On Saturday, of course, Doc had 11 strikeouts. He was on top of the Marlins hitters. FanGraphs noted he did not allow a single line drive and had the highest single-game Win Probability Added in almost five years.
Because of the tight score, Halladay accrued a fantastic +.888 WPA. That mark is the highest for any pitcher since June 26th, 2005, when A.J Burnett and the Florida Marlins defeated the Tampa Bay Devil Rays 1-0.
All of that has to be tempered by noting a wide strike zone helped Halladay wriggle out of a few 3-1 and 3-2 counts.

Halladay's feat, as it did for Bunning, should add to his "recognizability quotient." That's awesome in the long run. It was always evident Doc had the goods to throw a no-hit, no-run game, as much as it's a logical impossibility to predict.

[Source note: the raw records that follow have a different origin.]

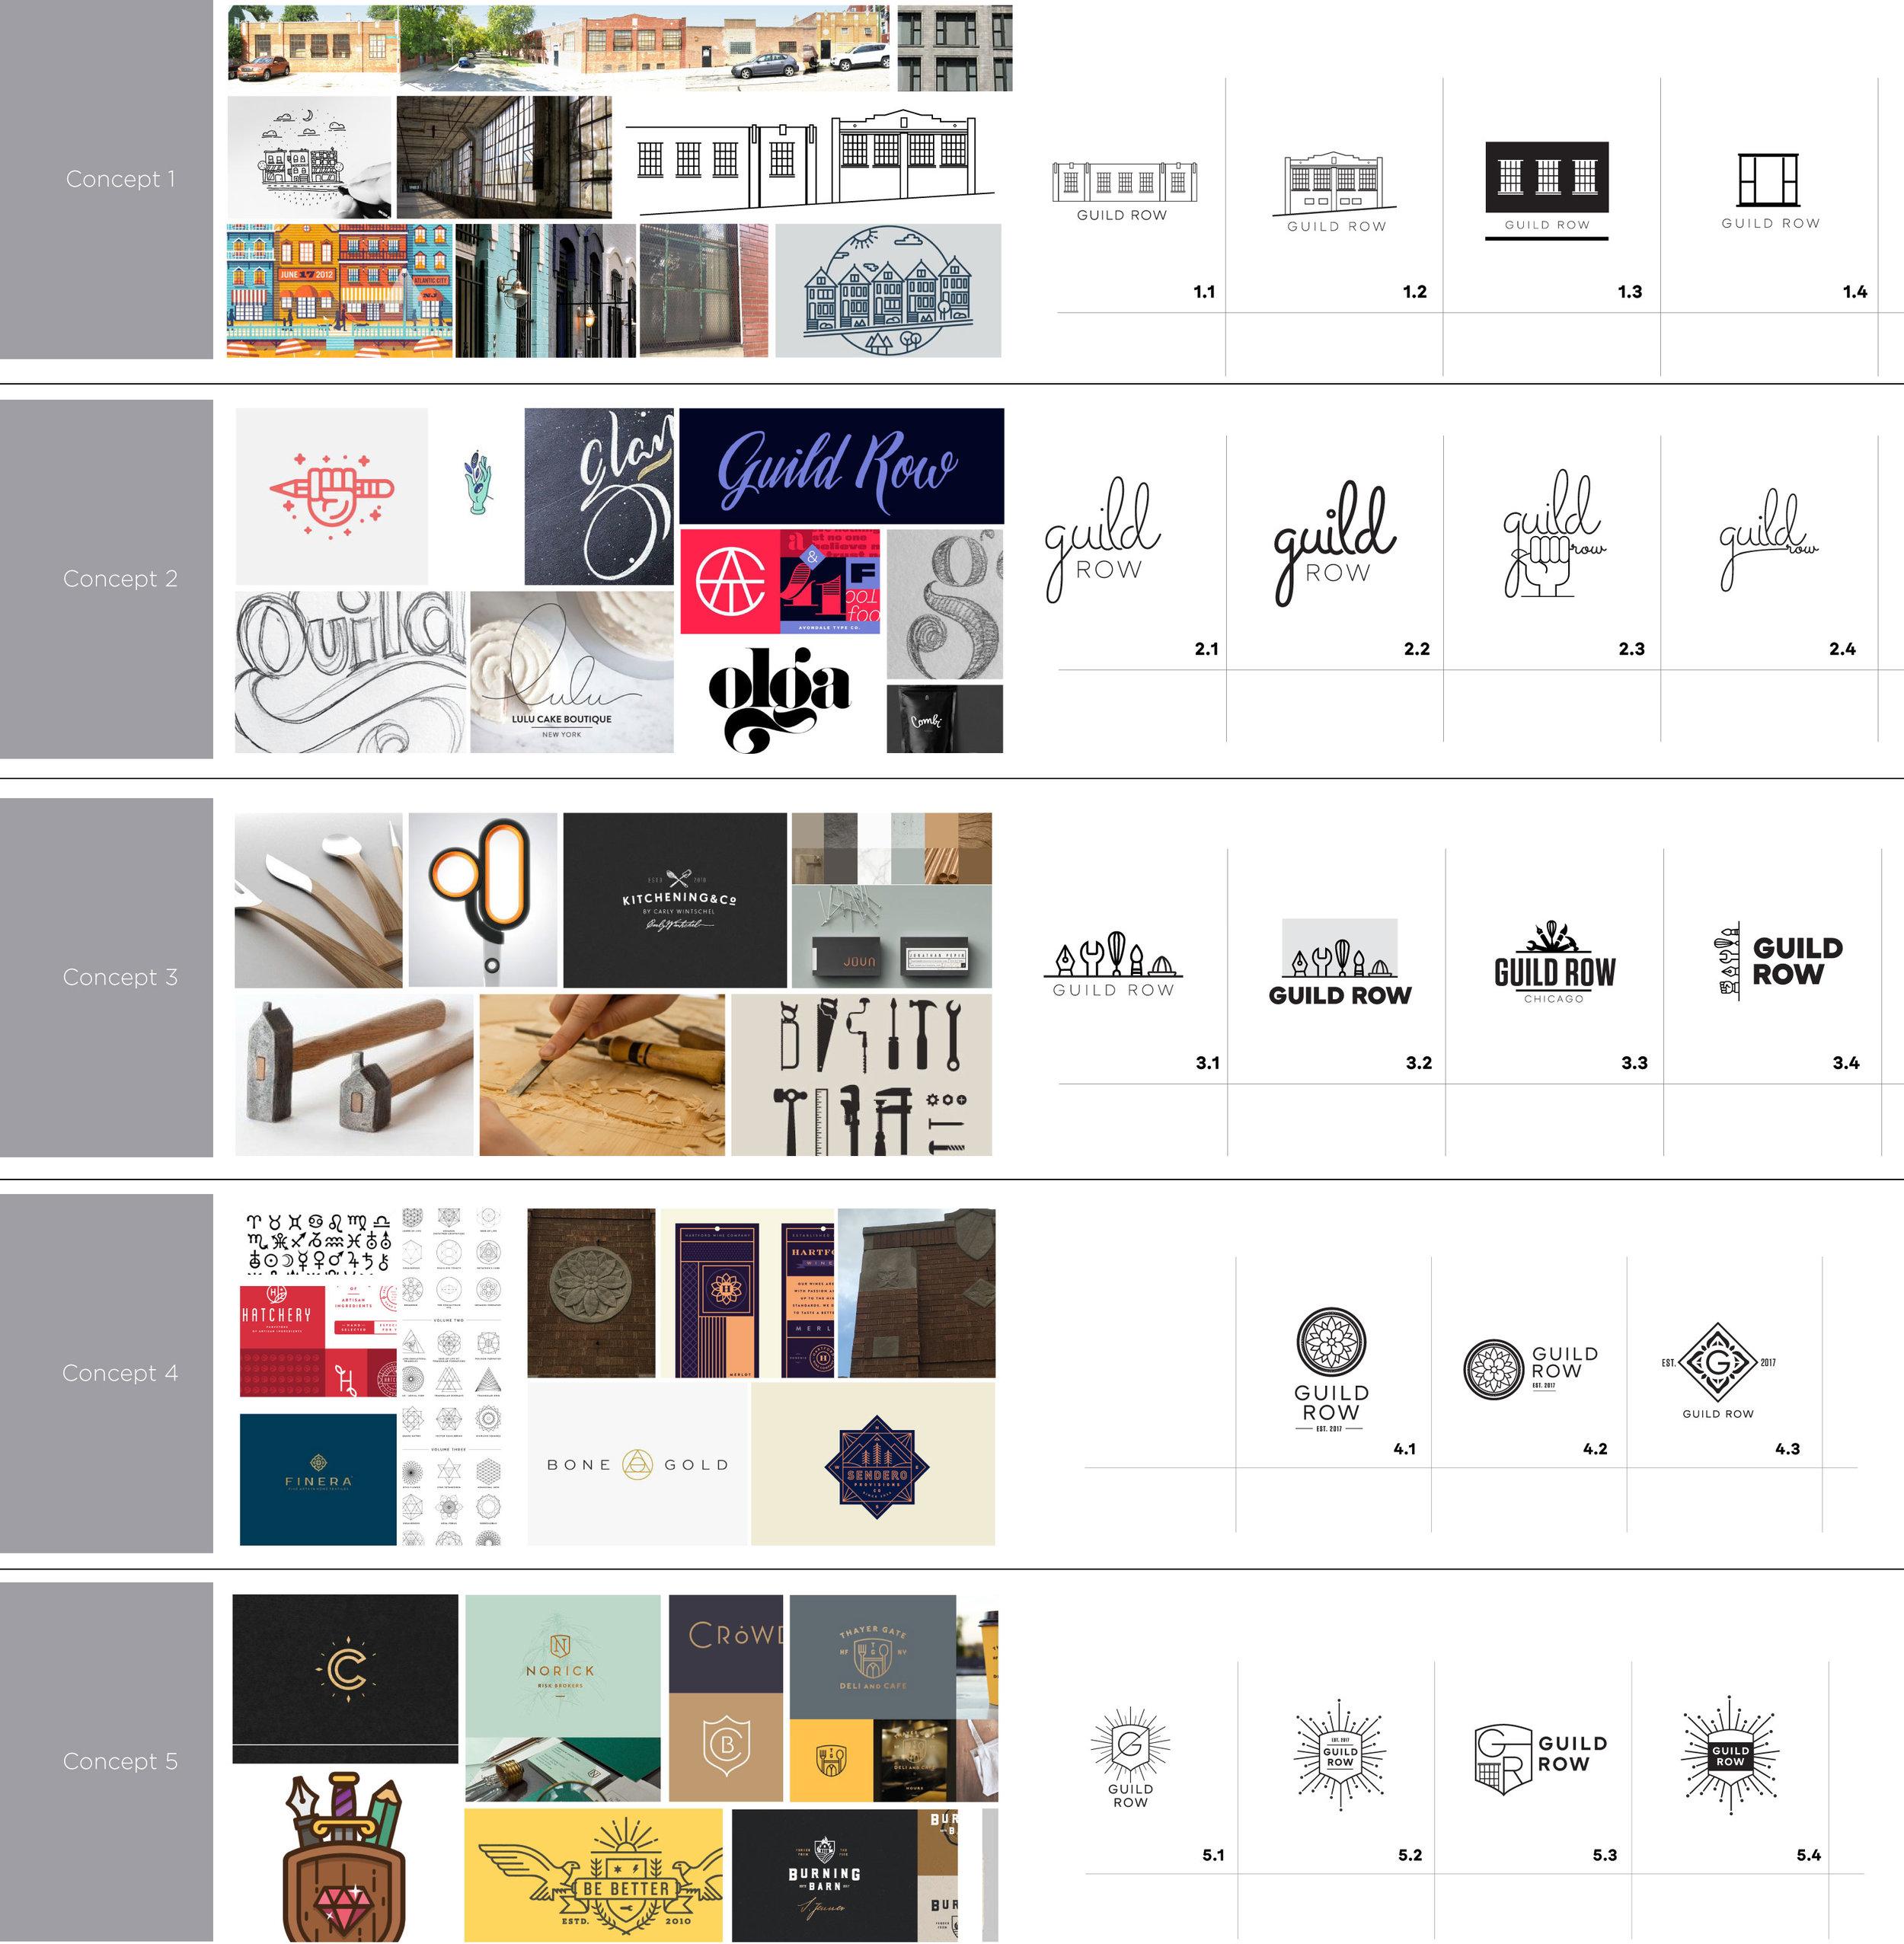 Design Concepts - Round 1
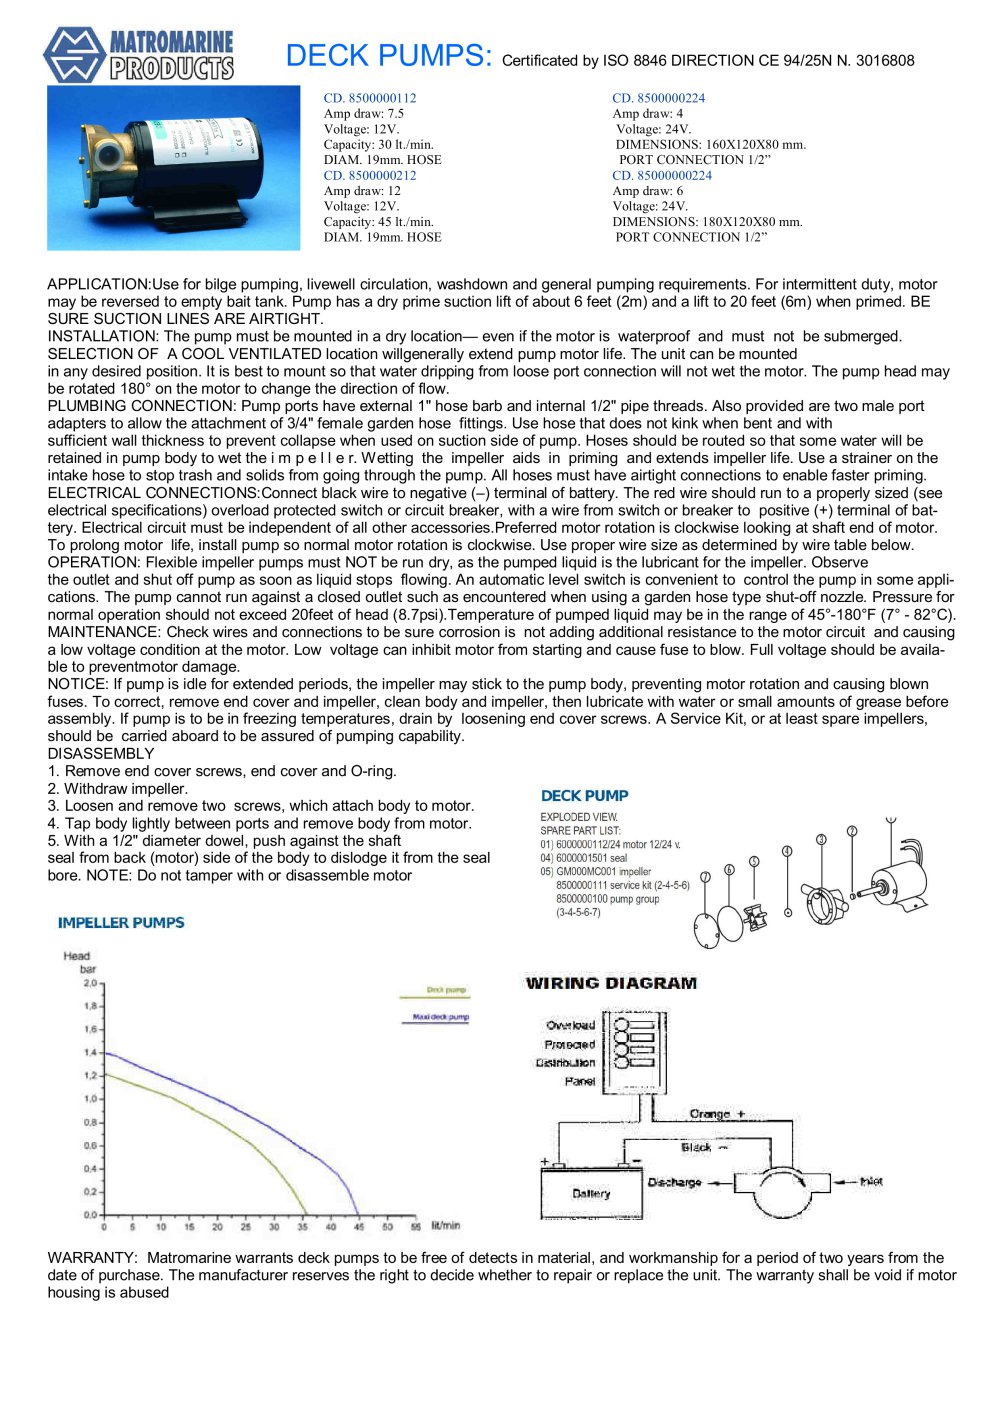 Deck Pump Matromarine Products Pdf Catalogues Documentation 24v Spotlight Wiring Diagram 1 2 Pages
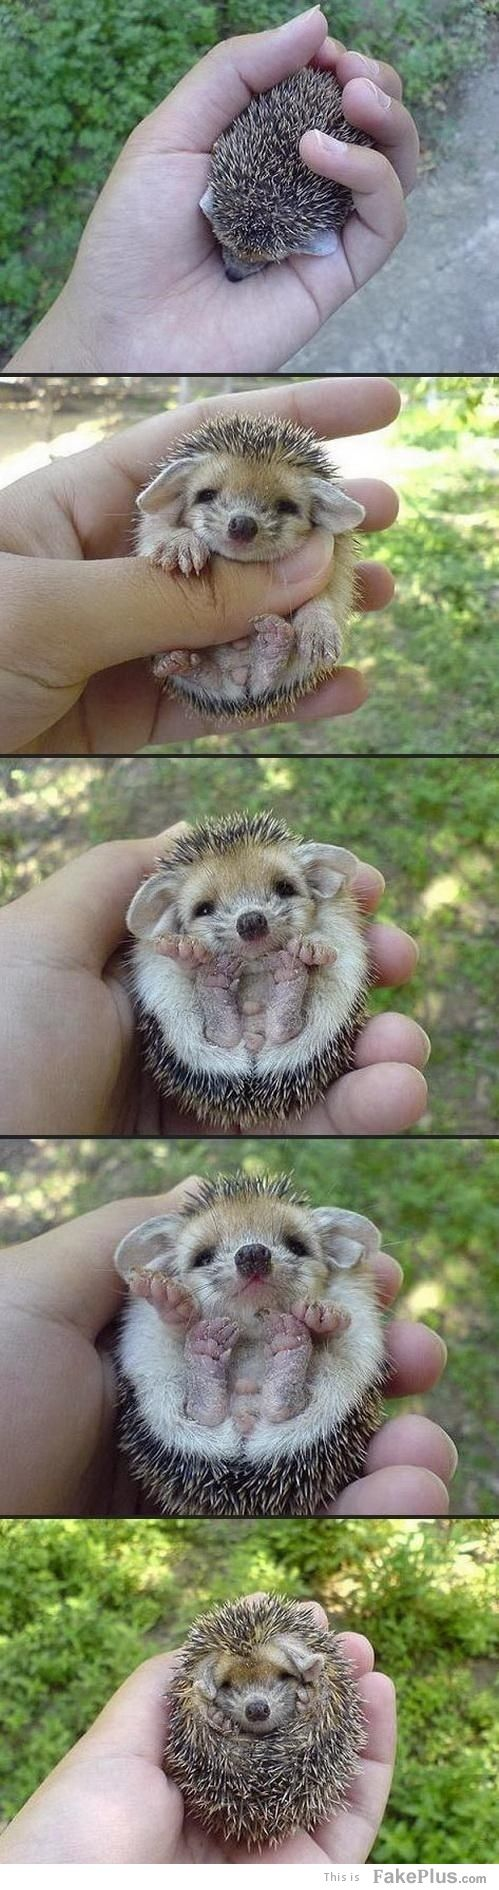 Baby Hedgehog Baby Hedgehog Cute Animals Cute Baby Animals
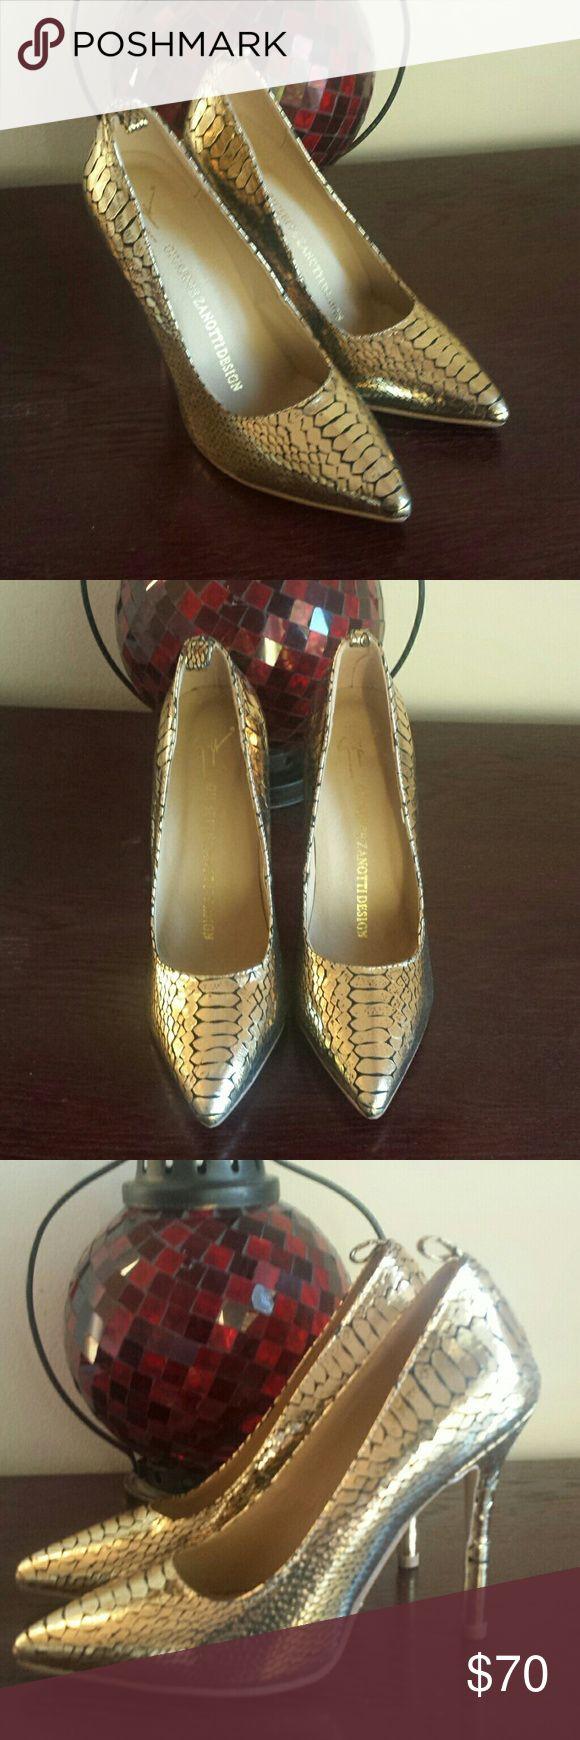 GIUSEPPE ZANOTTI DESIGN GOLD HEELS SHOE 7.5 Worn twice. Amazing heels. Giuseppe Zanotti Shoes Heels
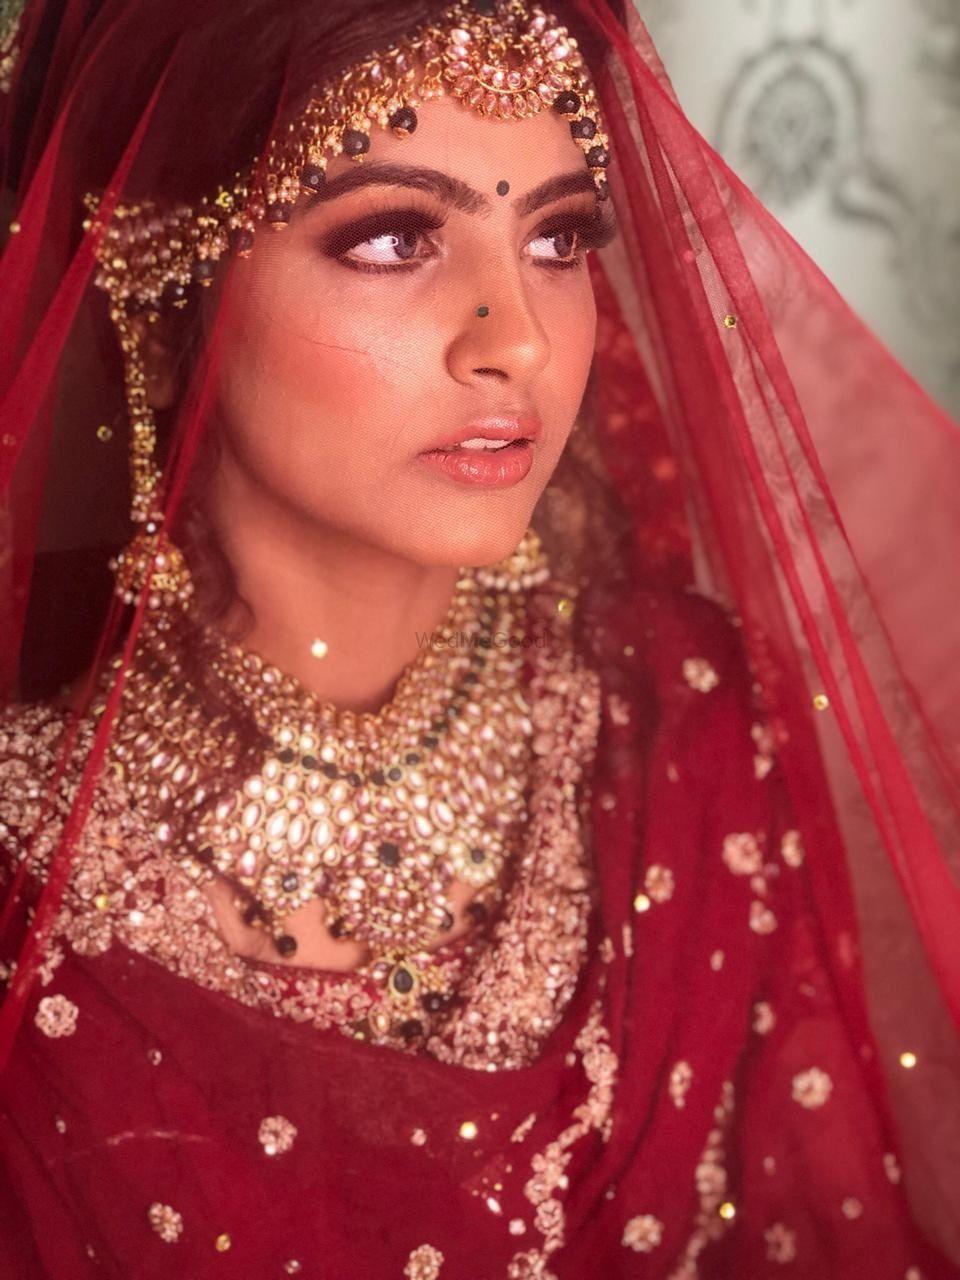 Photo From Beautiful Muslim Bride Husna ❤️ - By Aarti Makker

Point being, though, as a Jays fan, seeing that his pitch count hit an unsightly, un-Doc-like 115, is cause to smile. It shows which city and country is home to the gallery that best reflects his art.

3 comments:

Navin Vaswani (@eyebleaf) said...

It shows which city and country is home to the gallery that best reflects his art.

Beautifully said, Neate.

Doc for life.

Dave said...

Well, give him time. The AL is certainly perceived as the stronger league right now, still, the NL is 4-6 in World Series despite not having had home field advantage in a while. Took him 115 for a perfecto in the NL? Would that indicate the NL is tougher? Probably not, the Marlins happen to be pretty decent. Walter Johnson was a great pitcher on woeful teams trapped by both the reserve clause and the fact he was the one draw the Senators had. A little like Halladay, pitching for a "AAAA" club while honing his craft. Think the "Big Train" wouldn't have jumped at a chance to win? As it is, Jays fans should be pleased with the class and respect of this guy. But all the same, it's probably good he did go to the other league, given the moronic way they treat guys like Rios, who was traded by MANAGEMENT after all......

sager said...

All 115 pitches says is he wasn't as efficient that night as he's been in other low-run, low-hit games.

Walter Johnson? That was like 100 years ago, not really relevant. (And he did get to pitch in 2 World Series with the Senators, winning once.)